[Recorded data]
▼

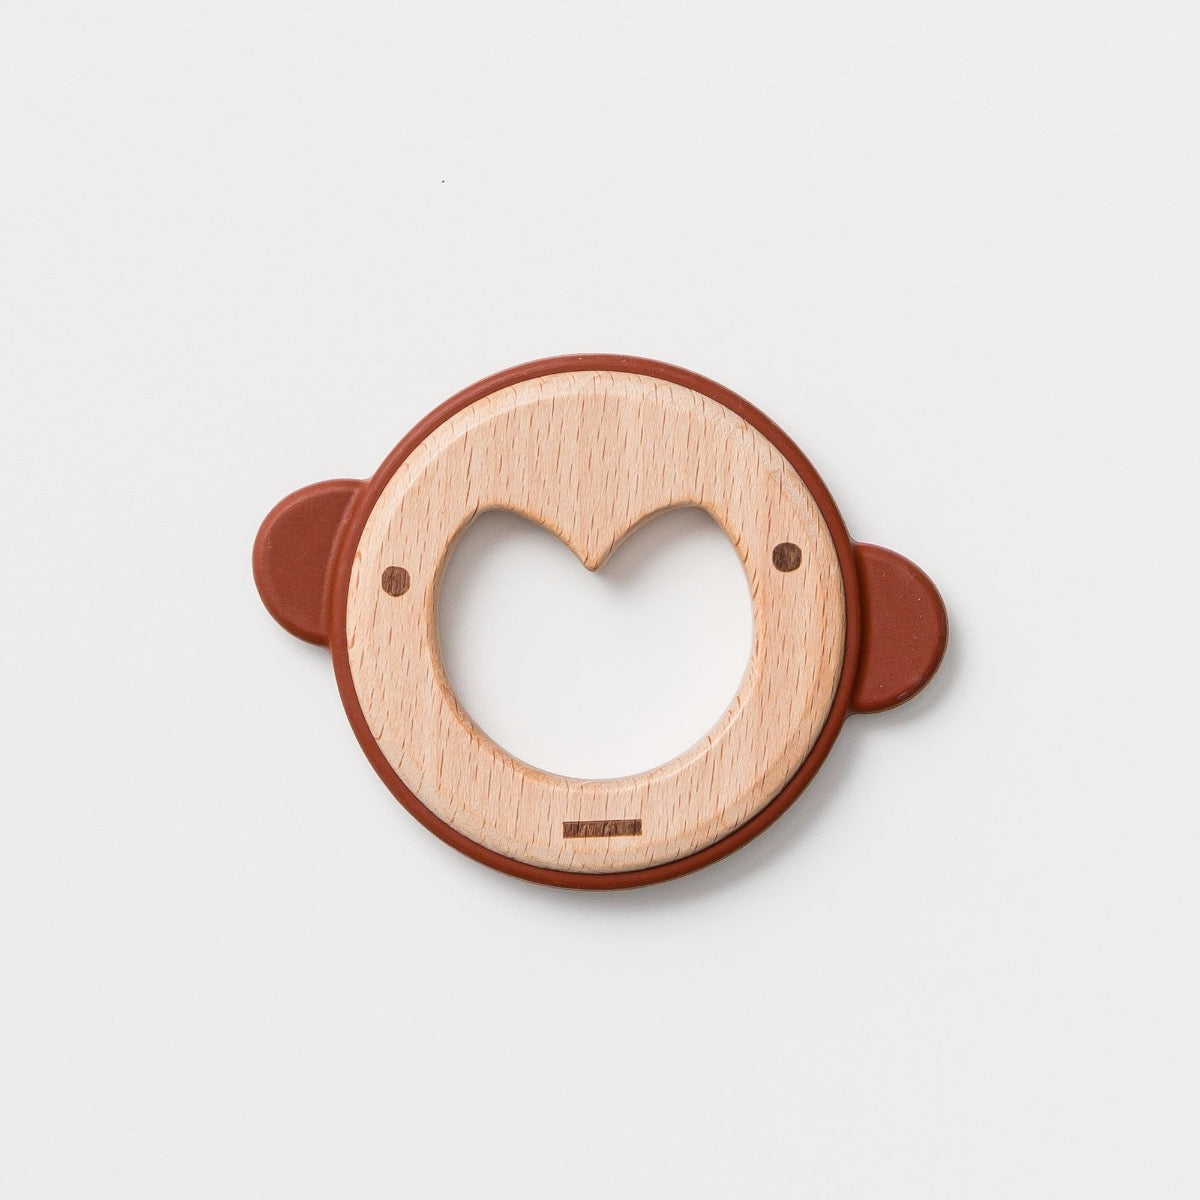 Over The Dandelions-Mykah the Monkey Teether Wood + Silicone
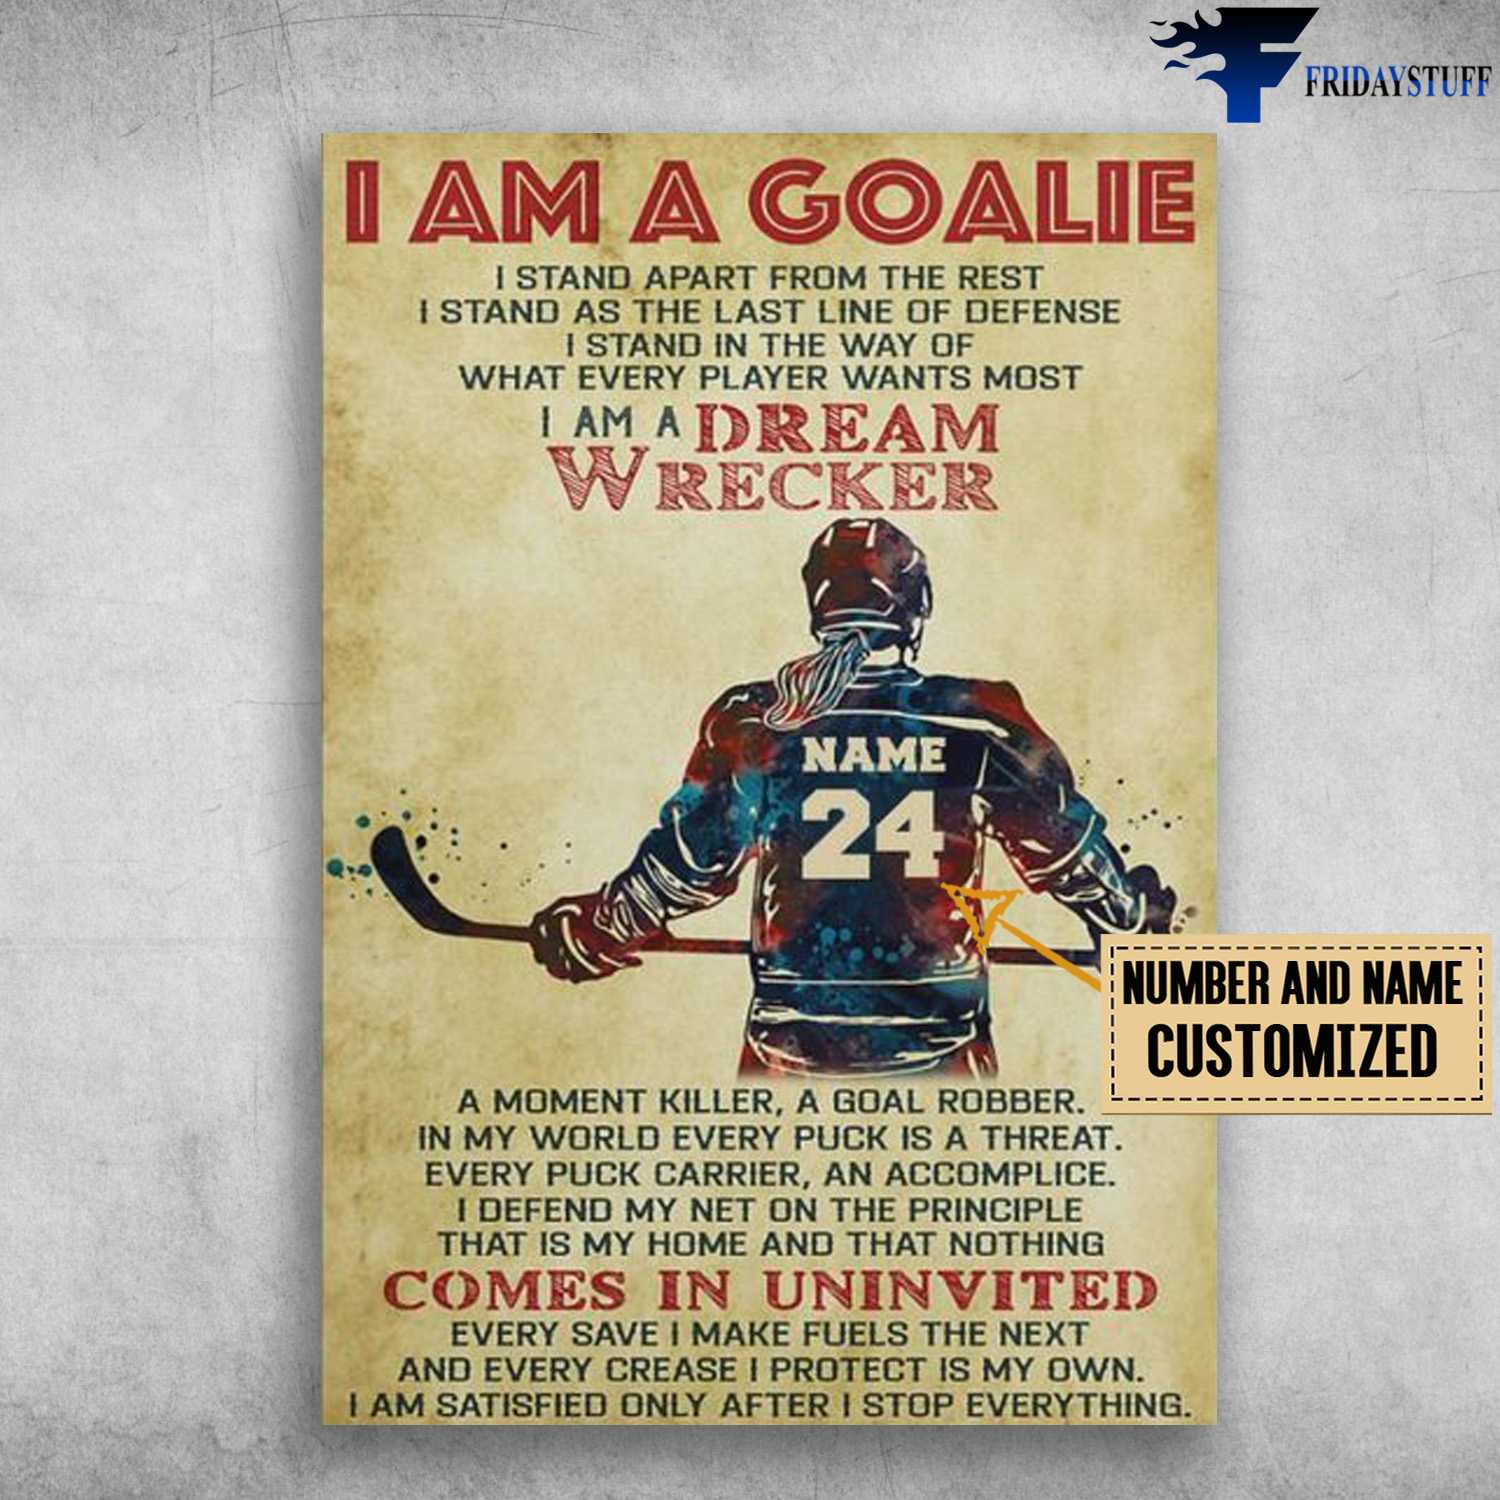 Hockey Poster, Hockey Goalie, I Am A Goalie, I Stand Apart From The Rest, I Stand As The Last Line Of Defense, I Stand In The Way Of, Waht Every Player Wants Most, I Am A Dream Wreaker
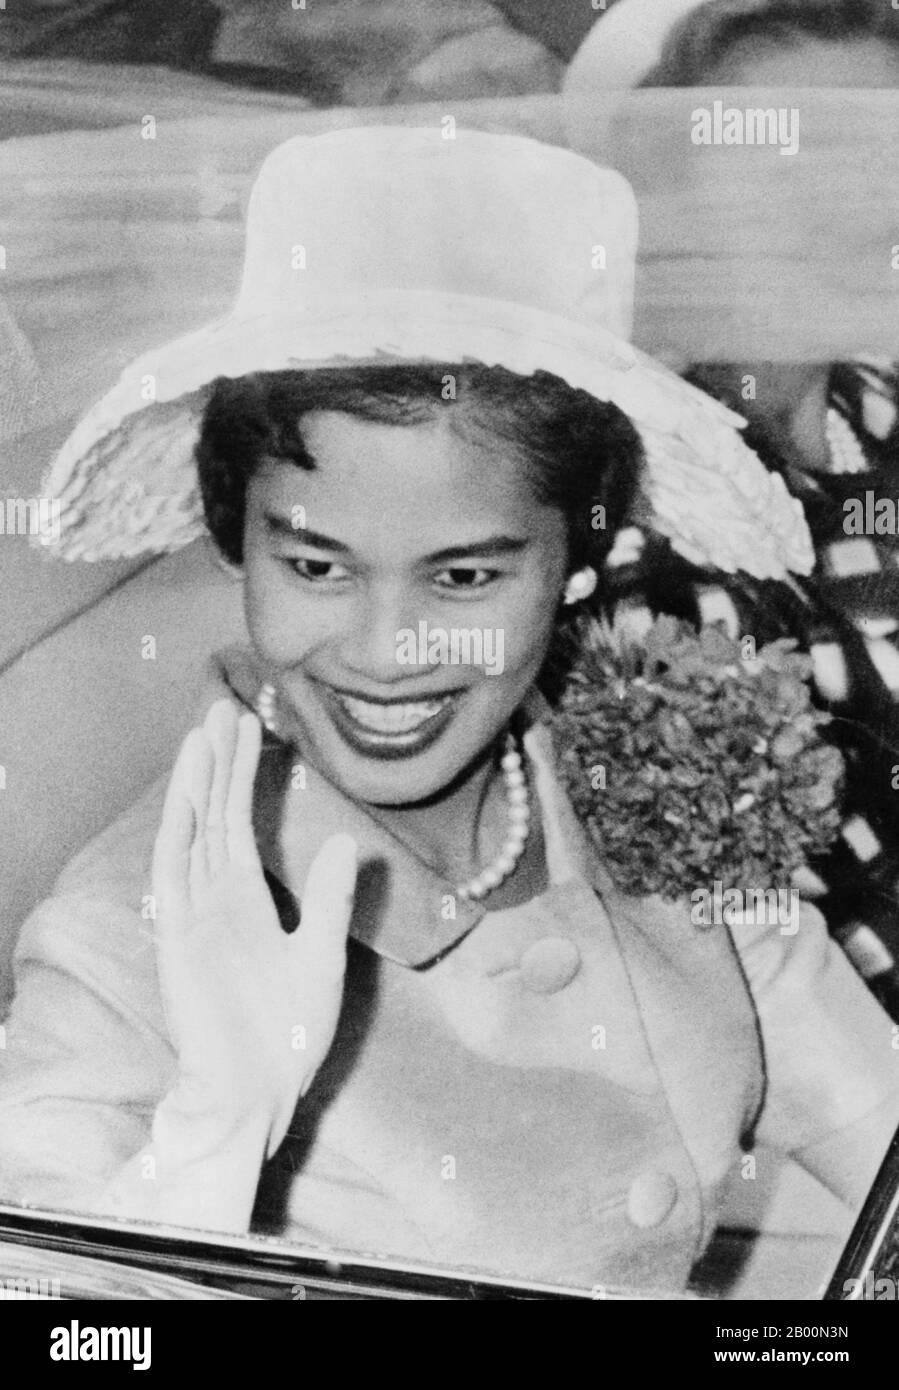 Thailand: Queen Sirikit during a parade in New York City, July 1960.  Somdet Phra Nang Chao Sirikit Phra Borommarachininat  (‘Her Majesty Queen Regent Sirikit’), born Mom Rajawongse Sirikit Kitiyakara on August 12, 1932, is the queen consort of Bhumibol Adulyadej (Rama IX), King of Thailand. She is the second Queen Regent of Thailand (the first Queen Regent was Queen Saovabha Bongsri of Siam, later Queen Sri Patcharindra, the queen mother). As the consort of the king who currently is the world's longest reigning head of state, she is also the world's longest serving consort of a monarch. Stock Photo
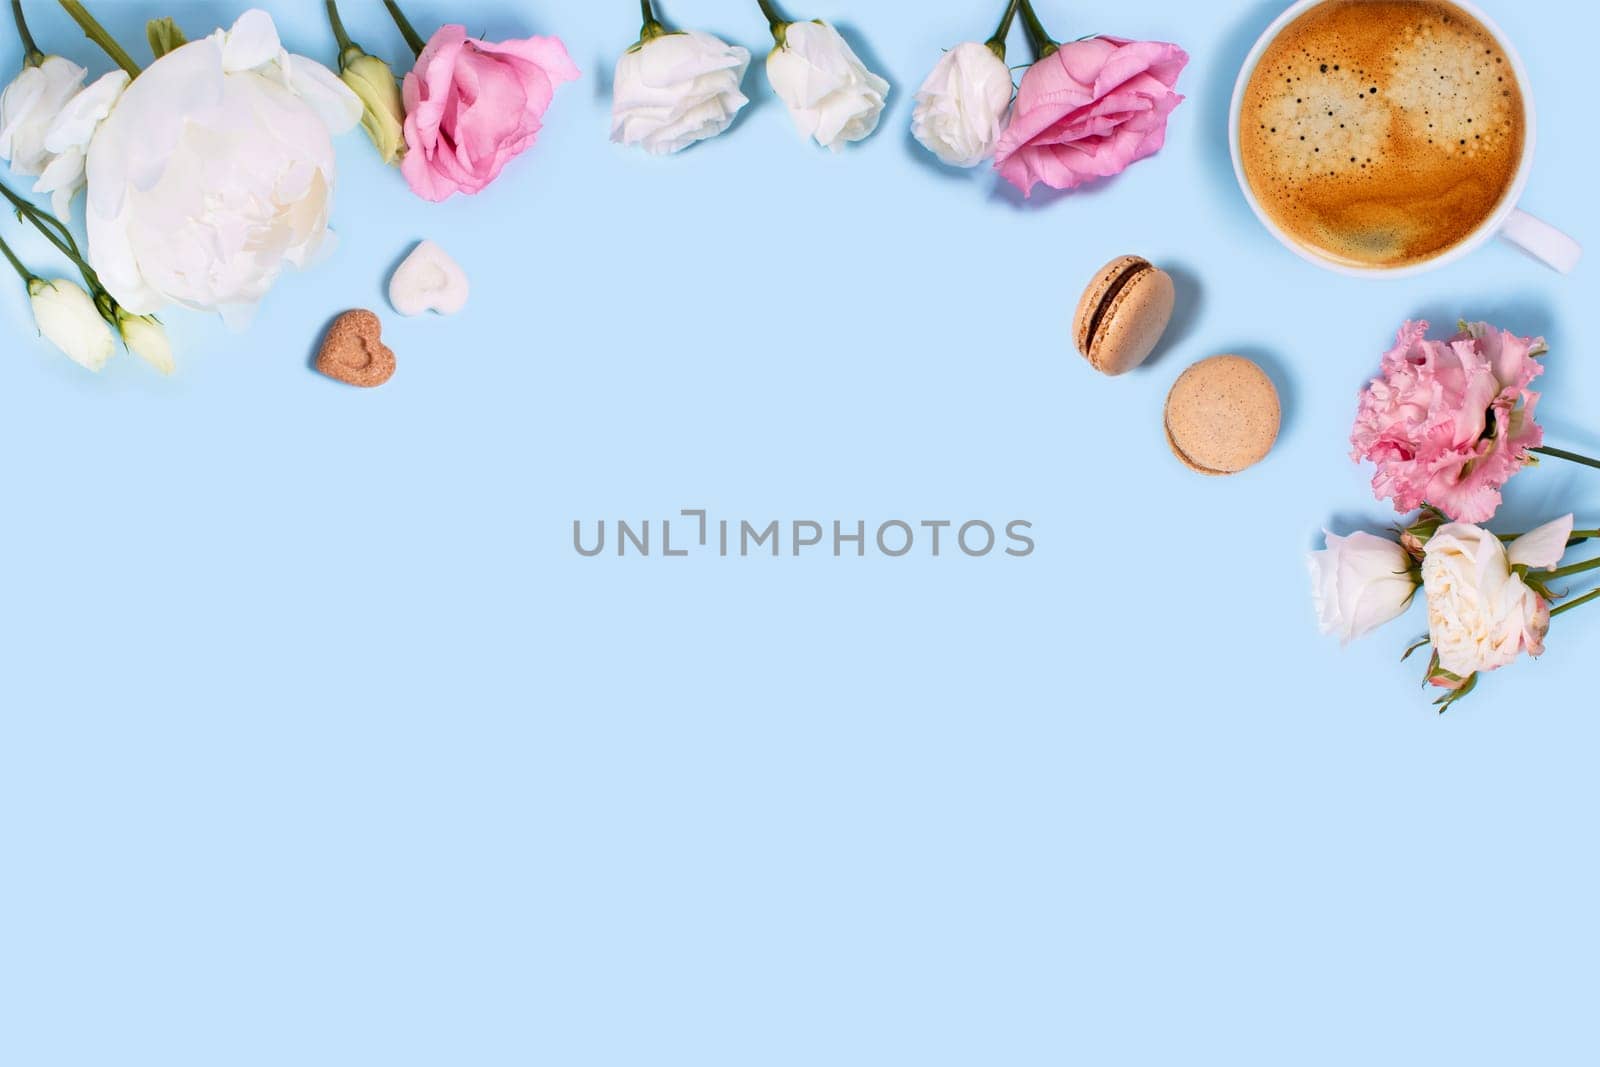 Blue background with cup of tasty coffee, macaroons, peonies and roses. Top view with space for your text.
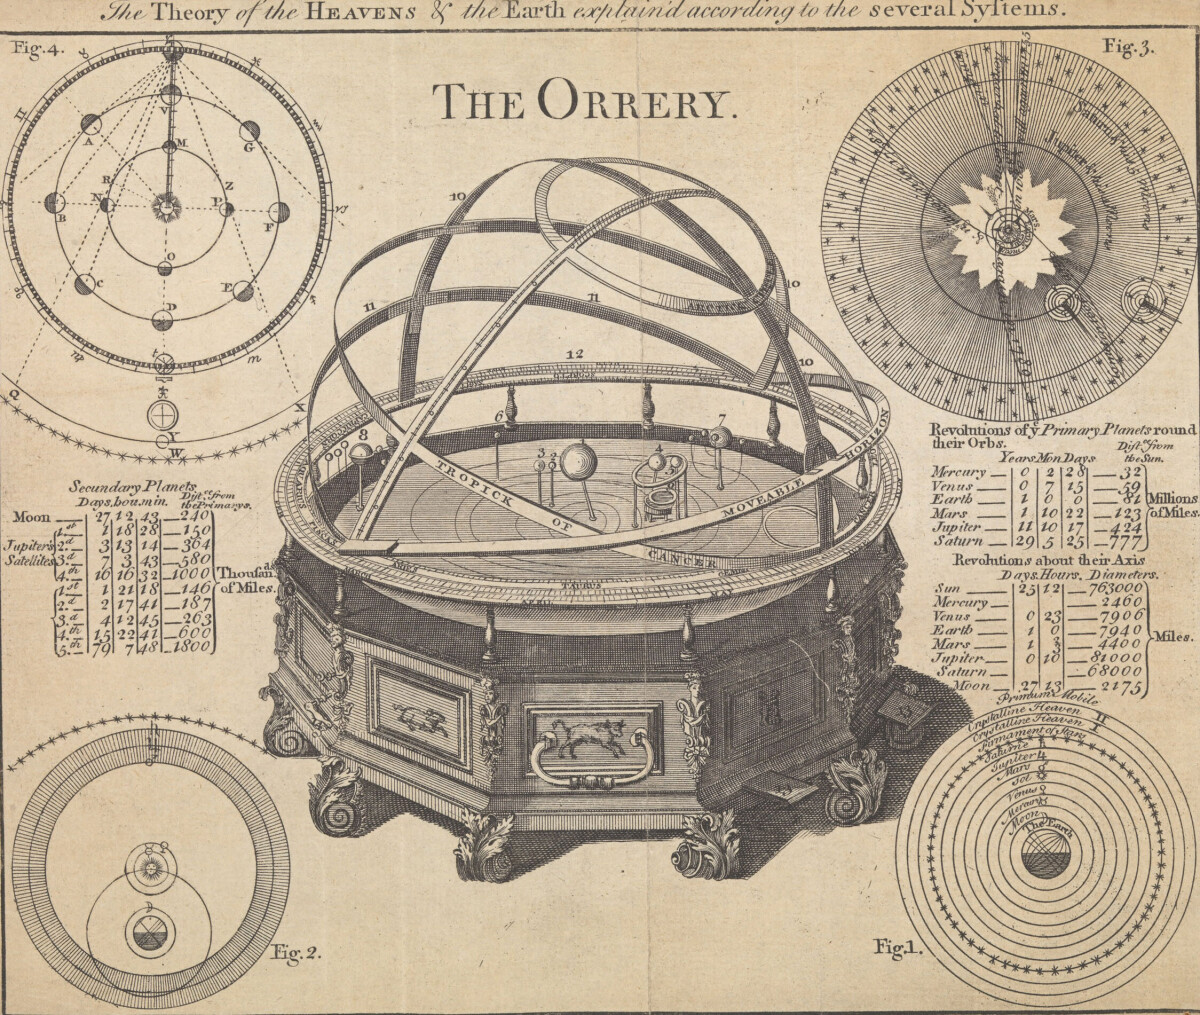 The Orrery, engraving by John Hinton, 1749

▲

▶ **Exercise description**: Skip the pictures and output all entries exactly.

▶ **Task answer**:
 Over The Dandelions-Mykah the Monkey Teether Wood + Silicone
 Hockey Poster, Hockey Goalie, I Am A Goalie, I Stand Apart From The Rest, I Stand As The Last Line Of Defense, I Stand In The Way Of, Waht Every Player Wants Most, I Am A Dream Wreaker
 Thailand: Queen Sirikit during a parade in New York City, July 1960.  Somdet Phra Nang Chao Sirikit Phra Borommarachininat  (‘Her Majesty Queen Regent Sirikit’), born Mom Rajawongse Sirikit Kitiyakara on August 12, 1932, is the queen consort of Bhumibol Adulyadej (Rama IX), King of Thailand. She is the second Queen Regent of Thailand (the first Queen Regent was Queen Saovabha Bongsri of Siam, later Queen Sri Patcharindra, the queen mother). As the consort of the king who currently is the world's longest reigning head of state, she is also the world's longest serving consort of a monarch. Stock Photo
 Blue background with cup of tasty coffee, macaroons, peonies and roses. Top view with space for your text.
 The Orrery, engraving by John Hinton, 1749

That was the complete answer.